Our group did one-on-one contacts with community leaders to educate them on the issues. We did “dog and pony shows” to the local civic groups. We did additional grant research and examined models for shelter programs. We found one such program through Radical Women in Seattle. It was run by Coyote, a Portland-based prostitutes’ union. Colleen and I travelled to Portland to talk with representatives and attend their meeting about rape and violence against women. We looked at their “safe house” model that took women off the street and away from violent pimps. The women were sheltered in private homes in a network across the West that got them out of state and safe. We thought this might be a model for our project prior to finding a facility that would be the formal shelter. 

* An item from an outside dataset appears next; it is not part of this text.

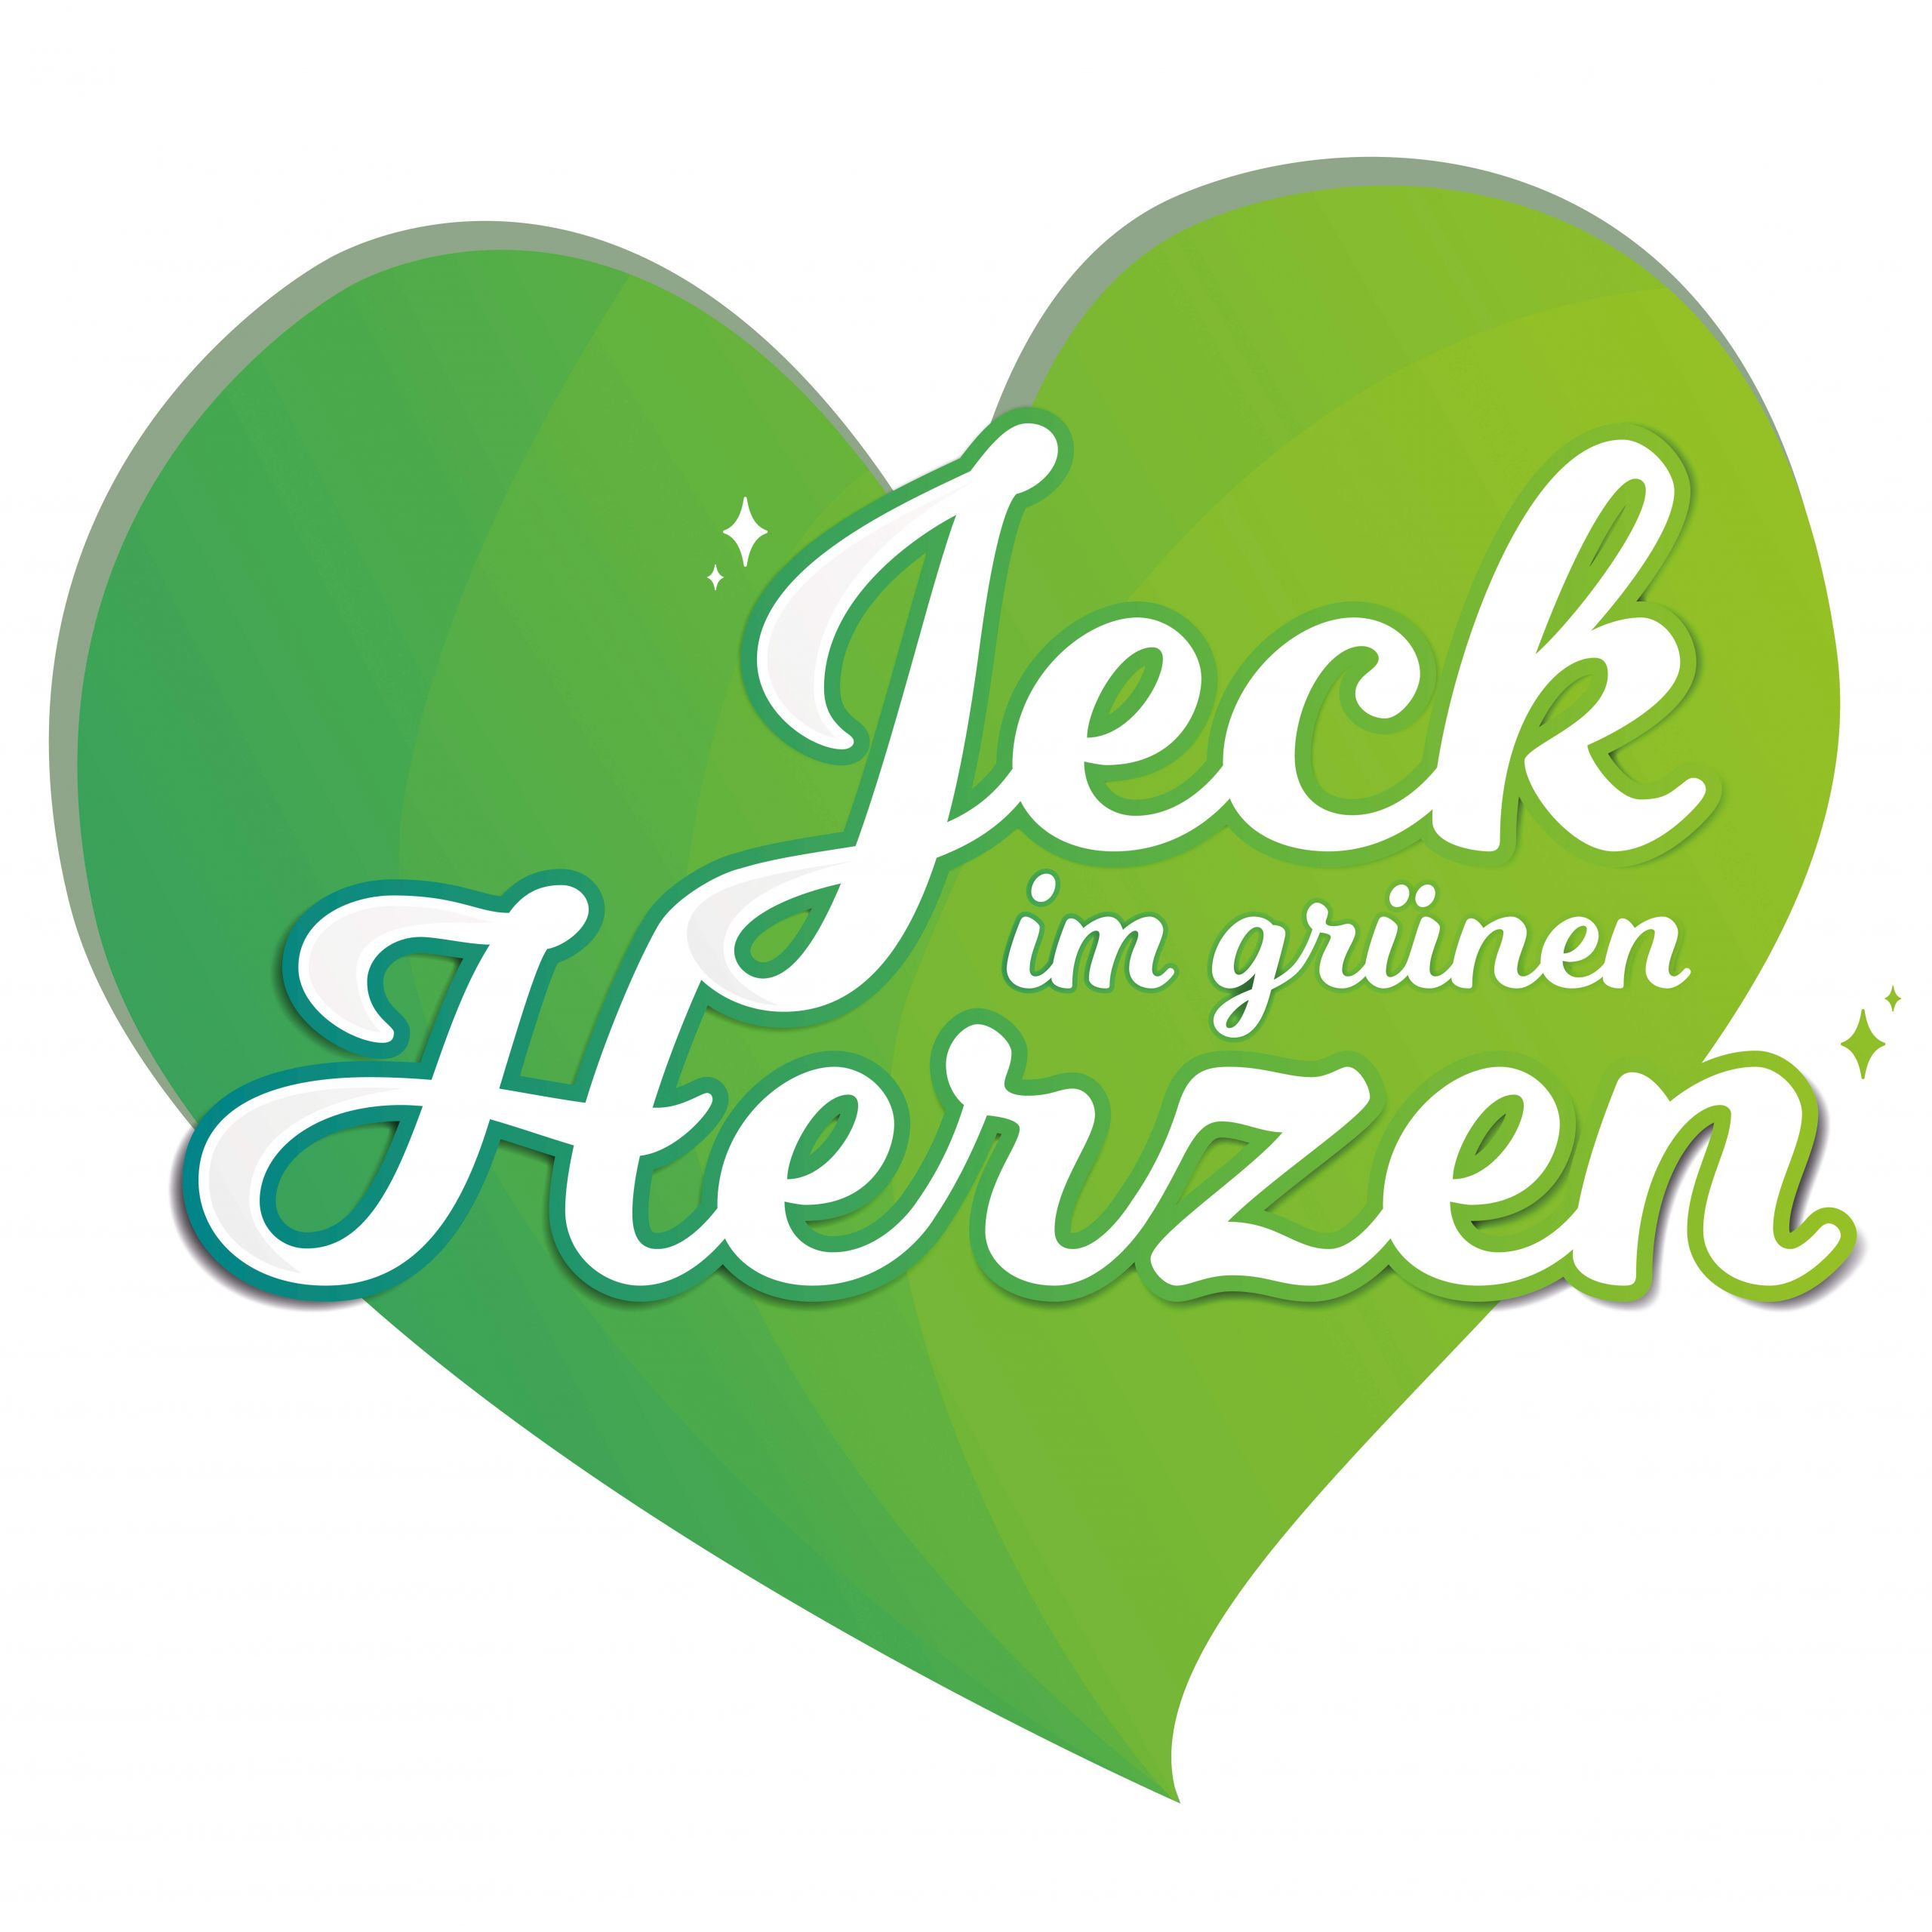 v 01 Jeck im gruenen Herzen Logo 01

Colleen and I kept our shift at the Crisis Clinic and on occasion actually arranged to help women get out of their homes to stay with people in our personal network. Any domestic violence worker in this day and age will faint hearing that. All the “safety rules” would forbid anything like that ever happening now—one woman helping another unencumbered by agency policy. 

My role on the Task Force was collecting raw data from hospitals and law enforcement. There were no computers back then. Records were kept in huge eleven-by-seventeen-inch ledgers like something from the 1800s. Hospital ER logs described injuries and I found a pattern of “doorknob bruises” (black eyes the women claimed were from falling against a doorknob), kitchen counter bruises (bruised ribs), falling down stairs bruises (sometimes internal injuries), and various red marks or bloodied noses with no explanation. The mental health admissions were even more vague. None were ever listed as domestic violence. The term was not used. It had not come into common legal usage yet. 

In speaking with the municipal police departments and sheriff’s offices, I learned they had a designation called “domestic disturbance” which was more specific for our data gathering. In one municipality of Thurston County the police chief told me, “There is no need to look over our ledger because that’s not a problem in this town.” Most of the police and sheriffs reported the same approach to these calls. They described taking the perpetrator out of the home to “walk him around the block” or “sit and cool off in the squad car” with admonitions to “stop doing that”—whatever that was—and send them back into the house warning they better not hear about his happening again. No one went to jail in those years unless there was extreme assaultive behavior requiring hospitalization. Some of us on the Task Force actually thought we should become policewomen to work on this from within law enforcement. 

When our report was completed, we were well established as a program of the YWCA. Eventually we merged with the local Rape Relief program, also under the YW umbrella. Local women politicians and community leaders opted to get in on this growing part of the women’s movement. The Task Force was disbanded when the shelter project became “legit.” A new name was attached: “SafePlace.”

As funding rolled in for the shelter and an actual facility was established, women committed to feminism and anti-oppression kept SafePlace operating as a collective, non-hierarchical, anti-oppression organization for over twenty-five years. When the shelter movement began morphing into a program beholden to governmental agencies and grant funders, the element of the work being social justice activism shifted to standard social service agency policies and procedures. Eventually, the board for SafePlace hired an executive director and the collective model was disbanded. The end of an era.